First, there’s the room itself. It should be in an area that is as free as possible from particles and dirt, and where it is easy to maintain a constant temperature. For convenience, it should also be near the receiving area where new oil is delivered. Consider what will happen in the event of a spill, and consider installing a nonslip floor.
Another consideration is who will be able to enter the room. Imagine a situation in which an employee with lubrication training asks an untrained worker to get fetch machine oil for them to save time. The untrained worker could make a mistake like putting items away in the wrong place, selecting the wrong oil, or even exposing clean oil to contamination. For this reason, you should consider making the lube room keycard access-only and limiting entry to those with lubrication training.
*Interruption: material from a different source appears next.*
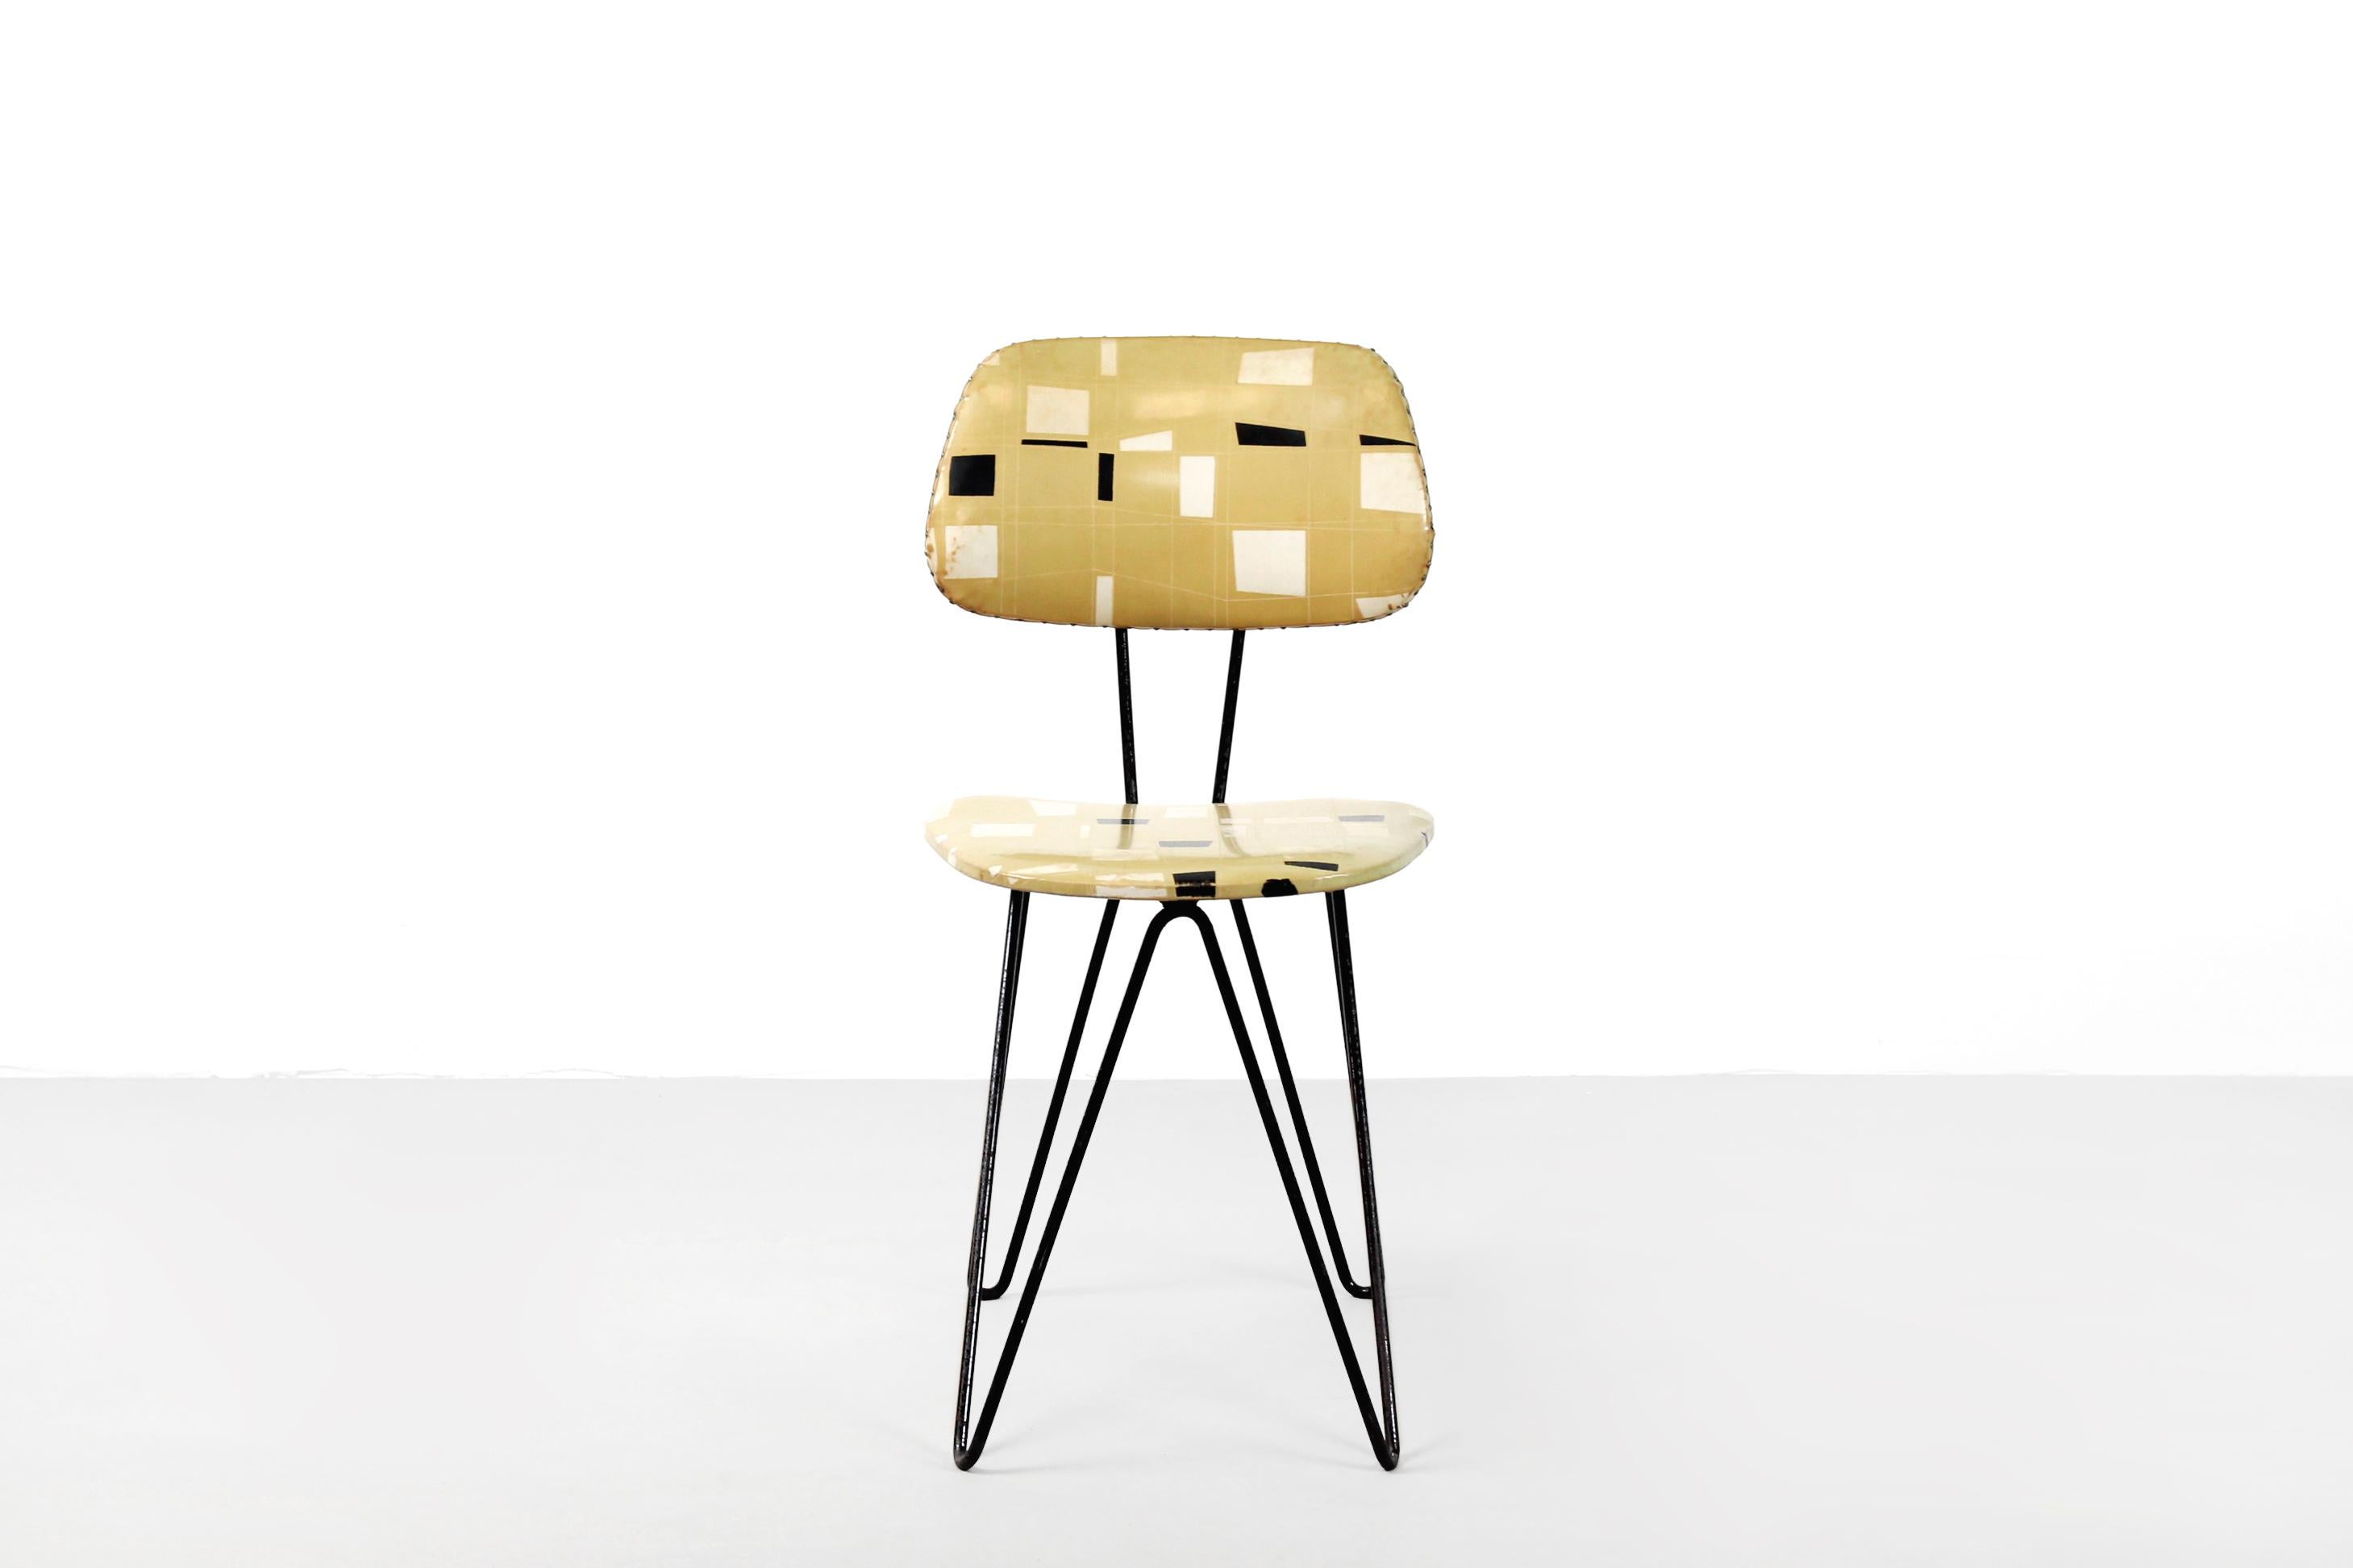 Cette chaise au design minimaliste hollandais, rare et difficile à trouver, a été conçue par Cees Braakman dans les années 1950 et porte le nom de modèle SM01. La chaise a une structure en métal et l'assise et le dossier sont tapissés dans le faux

Storage of new oil is a central function of the lube room. The room will obviously contain storage drums and should also contain drum racks. New oil should be filtered before use, so you should either choose storage units with built-in filtration, or use a filter cart to cleanse oil in drums. These units should also be outfitted with desiccant breathers. Each storage container should be thoroughly labeled with the type of oil it contains, including base material, viscosity and additives. A color coding system will help make visually clear which oils belong in which machines and cut down on mistakes.
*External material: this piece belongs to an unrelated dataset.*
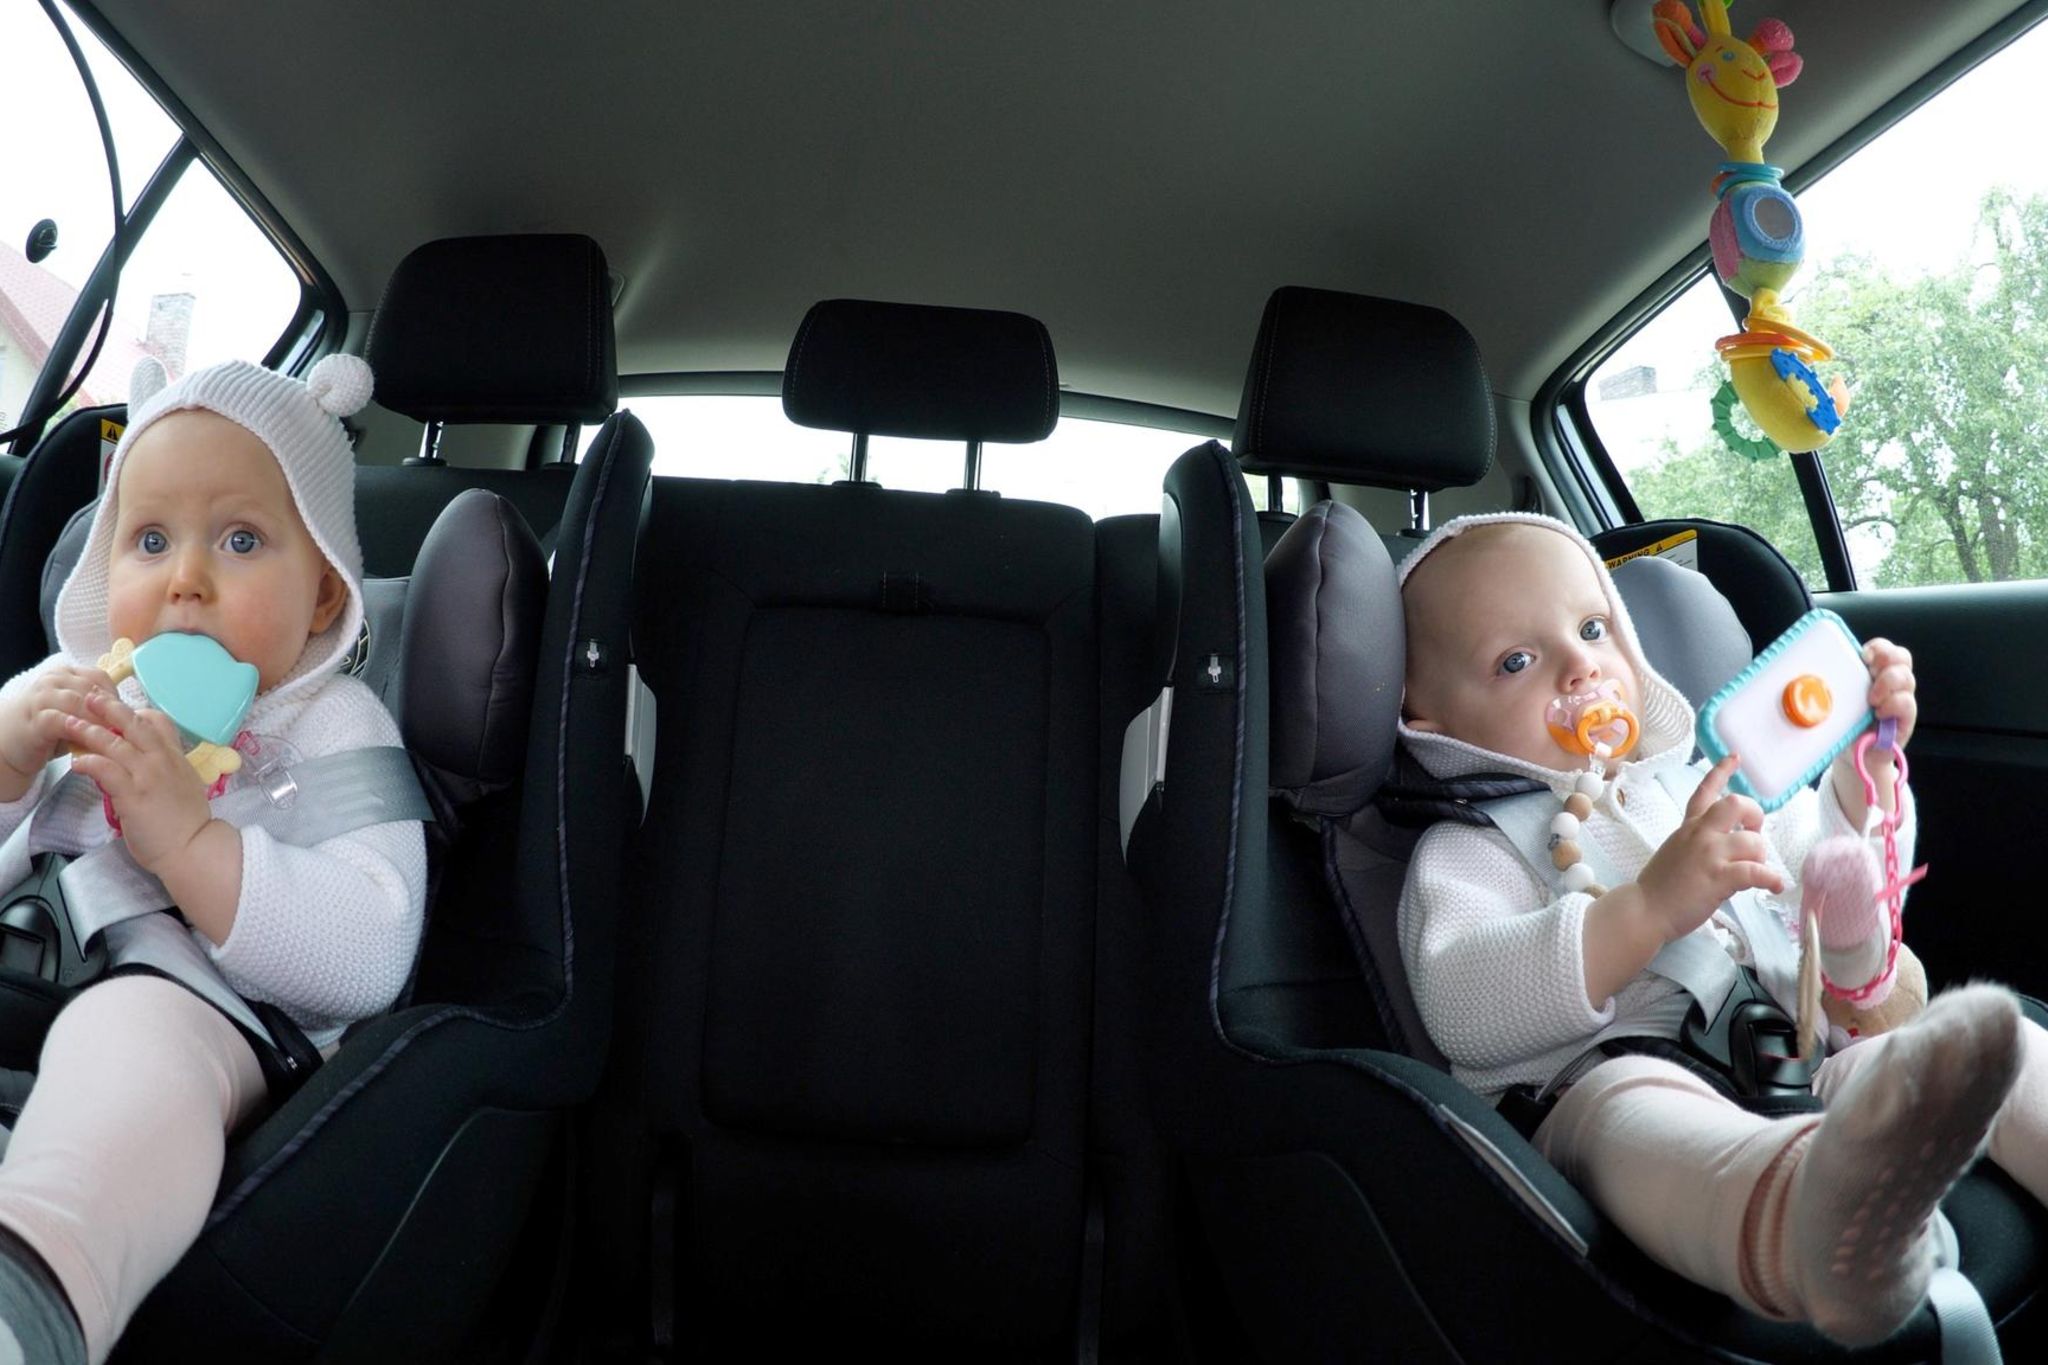 Tipps für entspannteres Autofahren mit Baby: Spielen lenkt ab

The lube room is also the place to store transfer pumps and valves, filter carts, portable storage containers, and all other lubrication-related supplies such as grease guns, oil cans, unused filters, cleaning supplies and absorbent materials to clean up spills. The key feature of storage should be careful organization. There should be a dedicated spot for each item, and that should be chosen deliberately, not by putting items down in the first free spot an employee sees. Items should be stored as close as possible to where they will be used, and frequently used items should be close to hand, to minimize the temptation to use the wrong item. Make use of shelves and storage lockers to maximize available space and keep items out of harm’s way. And make sure that transport containers are labeled and color-coded to prevent cross-contamination.
As with other aspects of running your plant, oversight can prevent standards from slipping. Conduct checks regularly to make sure that items are actually being put away, that everything in the room is meticulously clean, and that any spills are cleaned up immediately.
Following these steps will go a long way toward preventing careless or incorrect behavior in the lube room. To further reinforce high standards, make sure hard copies of policies and procedures are displayed where everyone can see them, such as on a wall or in a binder. And consider designating one employee who’s accountable for keeping the lube room clean and organized.
The lube room is more than just a place where oil is dispersed and transferred. It’s also a site where a company can create and reinforce a culture of effective, meticulous oil handling standards.